Squib connectors which utilize plastic connector housings are widely used in the automotive airbag industry. Squib connectors are generally used to connect sensors at remote ares of the automobile to the detonation device of an airbag. Normally, three different piece-types are used in the construction of a squib connector housing. To make the squib connector housing, the three different piece-types are molded separately and then assembled together. The separate molding of each of the three different piece-types can be very expensive. For example, the separate molding of one piece-type can result in its over-production unless an inventory tracking system is implemented to ensure that no more than the quantity needed is actually produced. In addition, separate handling is required while molding each of the three different piece-types. Likewise, molding equipment must be re-tooled in order to manufacture each of the different piece-types.
In view of the above, it is an object of the present invention to eliminate the need to maintain an inventory tracking system to ensure that only correct quantities of each piece-type are manufactured.

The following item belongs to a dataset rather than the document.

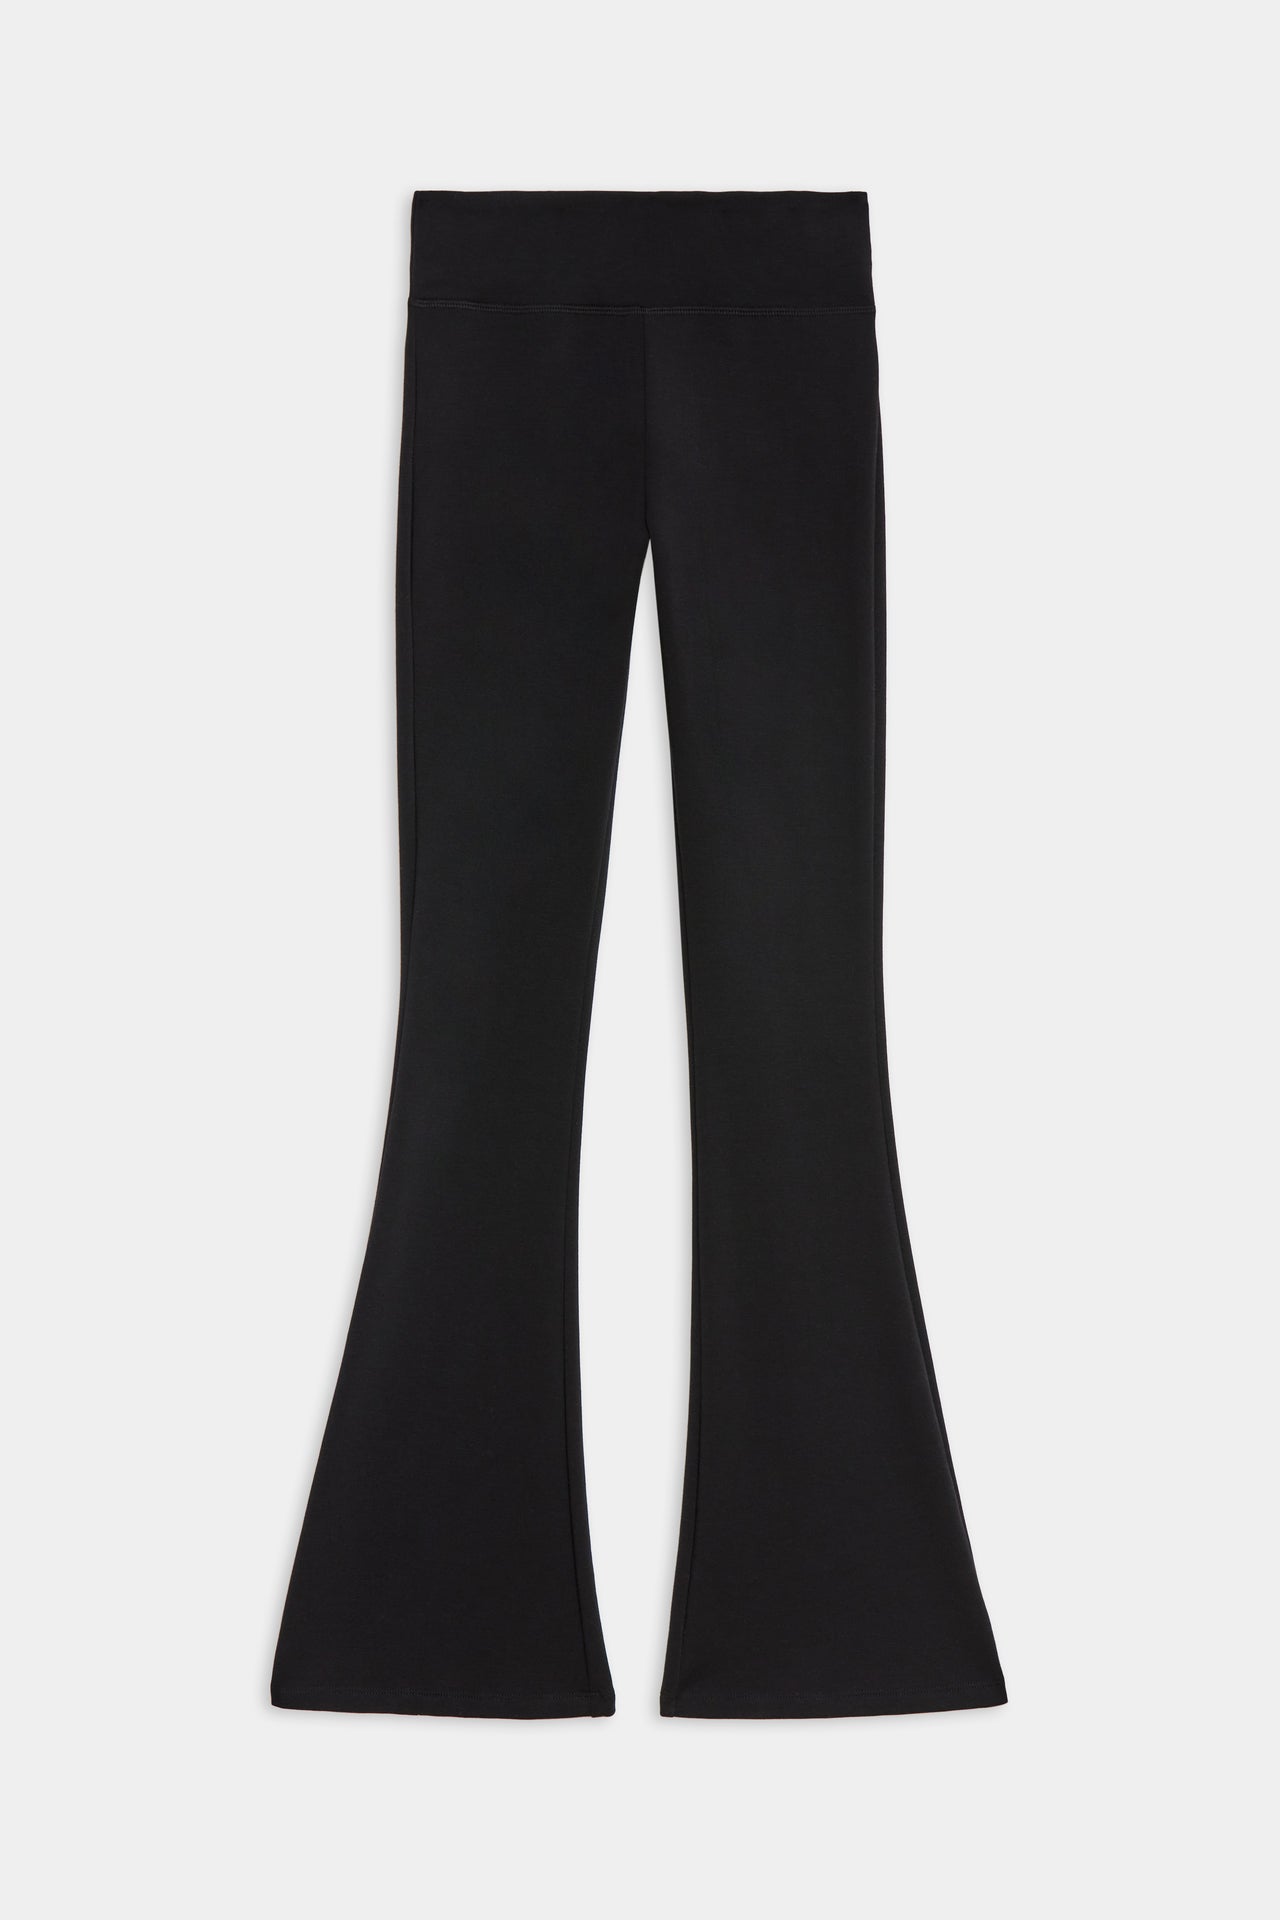 A pair of Raquel Fleece Flare - Black pants by SPLITS59 on a white background.

Another object of the invention is to keep together only those piece-types needed in the assembly of one squib connector housing.

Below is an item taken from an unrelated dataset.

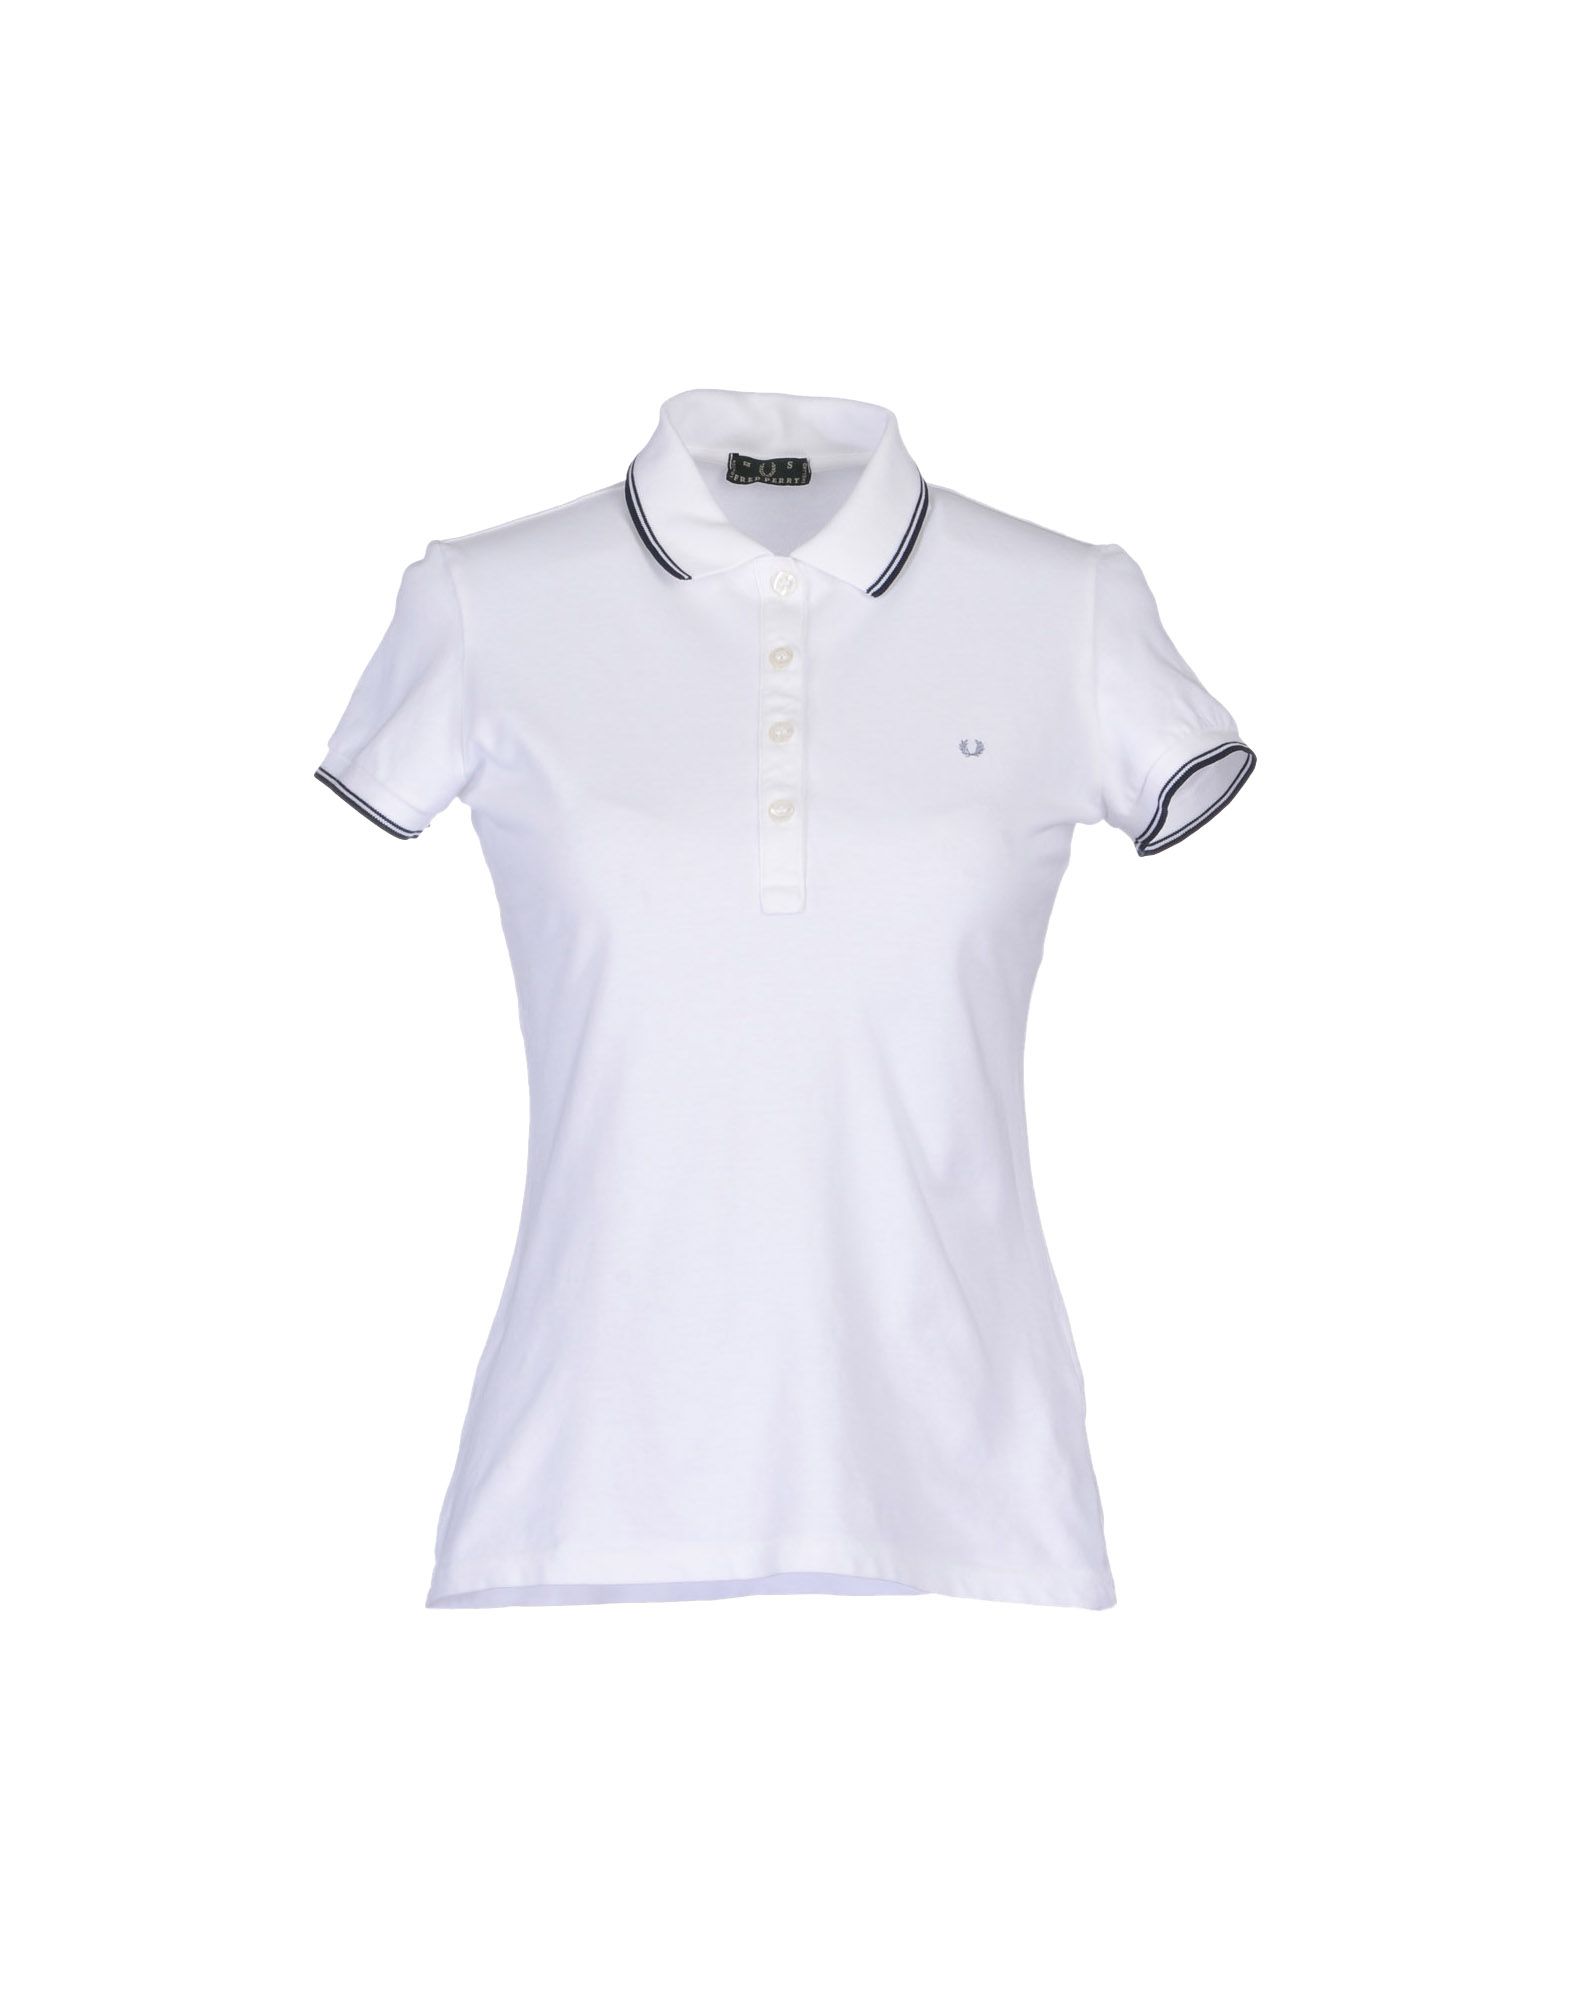 Foto fred perry polos
 foto 93566

It is also an object of the invention to reduce the amount of handling and re-tooling needed to manufacture the piece-types used in assembling automotive airbag squib connector housings.
In one form of the invention, an automotive airbag squib connector housing is constructed by injecting plastic into a single mold. The mold provides for the formation of a bottom section, a top cover section, and a lock section. When the sections are molded together, a pair of molding runners connects the bottom section to the top cover section. Likewise, the top cover section is connected to the lock section. Once the molding process is finished, the sections are snapped together to form an automotive airbag squib connector housing.
Various means for practicing the invention and other advantages and novel features thereof will be apparent from the following detailed description of an illustrative preferred embodiment of the invention.
There is shown in the drawings a presently preferred embodiment of the present invention, wherein like numerals in the various figures pertain to like elements, and wherein:
FIG. 1 is a top view of a molded airbag squib connector housing;
FIG. 2 is a bottom view of the molded airbag squib connector housing;
FIG. 3 is a cross-sectional side view of the molded airbag squib connector housing taken along line 3--3 of FIG. 2;
FIG. 4 is an end view of the molded airbag squib connector housing;
FIG. 5 is a side view of the molded airbag squib connector; and
FIG. 6 is an end view of the molded airbag squib connector housing taken along line 6--6 of FIG. 5.
Referring to the drawing, and particularly to FIG. 1, a molded plastic airbag squib connector housing 10 is depicted with a bottom section 12, a top cover section 14 and a lock section 16.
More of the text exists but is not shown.